I’m greatly saddened by the fighting between the two big Bitcoin camps. Even though they don’t have official labels and my own labels may not be fully accurate, I have to use some labels, otherwise my article will make no sense. I’ll simply label one of the groups “Bitcoin Core”, and the other one “Bitcoin Casascius bitcoin positive”. HODLer I feel it as my obligation to try to explain to the people interested in Bitcoin why the discord exists, and why it’s pointless to spend time on it.

I hope that it will help people deeply think about their own values, and use them productively instead. The conflict is often explained as a governance problem. I think this while there is an element of truth in it, misses the point. The reason for the conflict isn’t a lack of procedures, but an emphasis of the differences in values.

The main reason why there is discord is the conservative vs. The “Bitcoin Core” group tends to be more conservative whereas the “Bitcoin Unlimited” tends to be more progressive. Conservatives view the rules as containing a historic wisdom which may not be apparent. Progressives view them as contextual and as a reaction to contemporary phenomena. These tendencies are a naturally occurring phenomenon and are largely influenced by psychology. They reflect themselves in all areas of life. People are unlikely to change their affinity.

They associate themselves with people with similar affinities, and the community membership gives them a sense of belonging. If someone tries to treat obstacles in a way conflicting with their affinity, they will view it as an attack on their values, and follow by an immediate counter by any means available. Even in cases when there is some element of truth in the accusations, they are mainly a symptom rather than a cause of the problem. Unfortunately, psychology tends to catch up even well educated, highly experienced and an otherwise reasonable people, and they go full retard.

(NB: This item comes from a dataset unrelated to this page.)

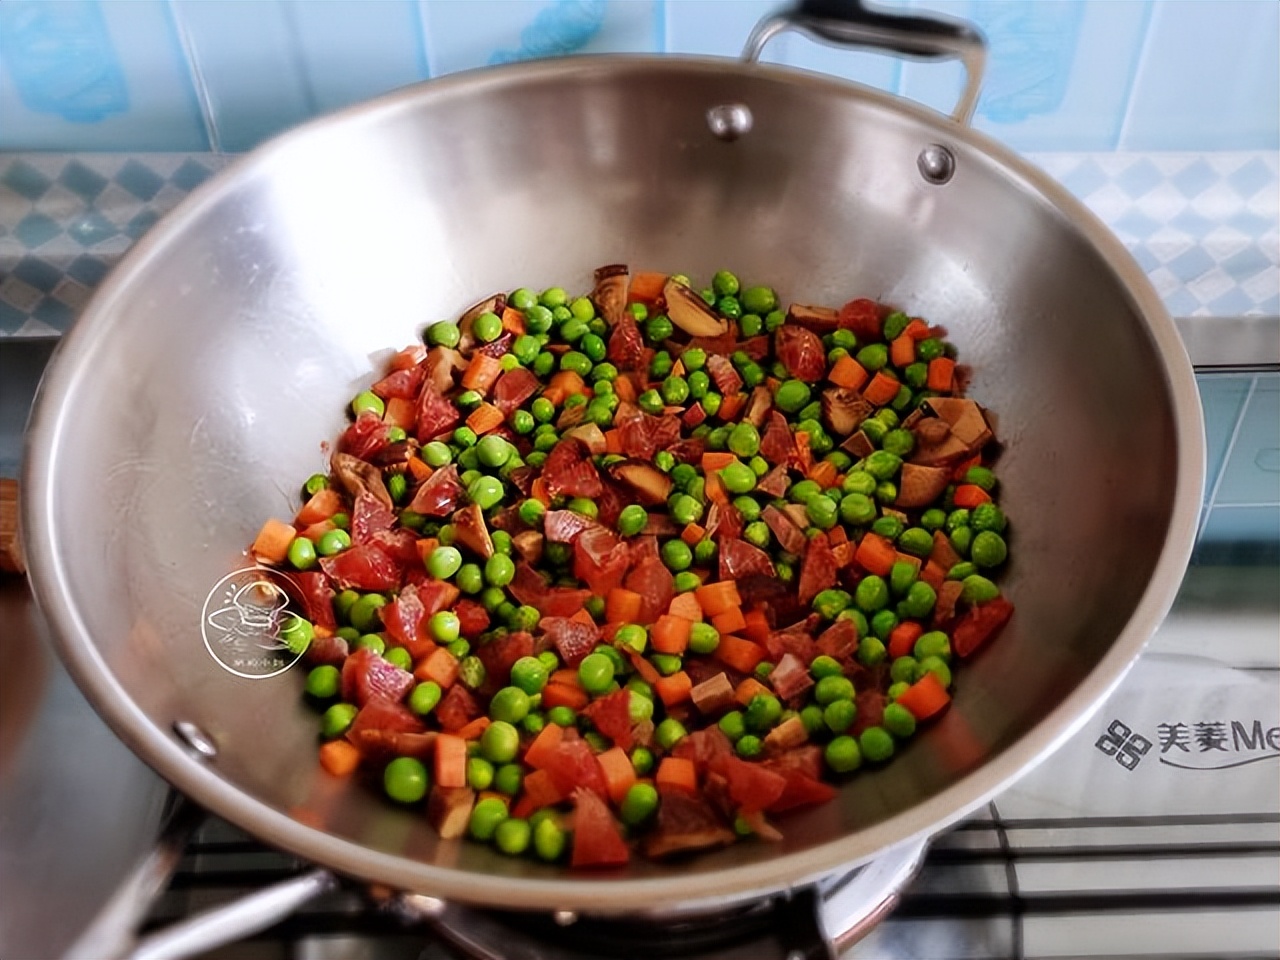 科学网—松阳豌豆饭的烹制要领 - 曾玉亮的博文

This causes an enormous waste of resources, which otherwise could be spent on productive endeavours. People in the Bitcoin community of all should acknowledge that some people are naturally more conservative and some more progressive. This would help to calm down the situation. Collectivists want everyone to adhere to a broad set of rules, whereas individualists want just a very narrow set of rules for everyone.

In the forking debate, collectivists want there to be only one Bitcoin and the other to either die or never start in the first place, whereas individualists are either indifferent or prefer that both survive. In the forking debate, collectivists point to lost network effect, consumer confusion and similar things. Individualists argue that a fork would prevent oppression and allow to refocus resources productively. While this axis explains a smaller proportion of the debate, it is perhaps more important.

You see, conservatives and progresives can get along, as long as they are individualists. Once they calm down, they will leave each other alone and try to resolve conflicts peacefully. But there is no such solution with collectivists. Next time you’re reading, writing, listening or talking on the topic of the blocksize, try to see the arguments from the point of view of the two axes I outlined. You’ll be surprised how much of the underlying implications can be explained by the affinities. Remember that the real danger is collectivism and its most encroaching manifestation, the state.

If afterwards you still think that a common solution cannot be found, then calmly prepare for a fork, and spend your time and resources in your part of the community, in a productive way. You may have noticed that there hasn’t been a new blog post for a long time. It’s not that I lost interest in Bitcoin or economics, but my goals with respect to its economic research I more-or-less reached. I studied the concept of liquidity and how it relates to Bitcoin. Graf, Roger Ver, Eric Voorhees, Andreas Antonopoulous, Tuur Demeester, Jason King, Meni Rosenfeld, Johann Gevers, Juraj Bednár, Pavol Lupták. If I forgot to mention you, it’s all my fault because I have a bad memory for people.

This has been an amazing experience and I’m very satisfied about it. I had heard about it before but didn’t realise all of the possibilities it opens. I became more and more involved in it. 6 being released in two months ago. At the moment I’m transitioning into the lead position as the original author of Bitmessage, Jonathan Warren, does not have time for it anymore. I hope that I can help to make it into a sustainable and more formally managed open source project with clear goals and path for the future.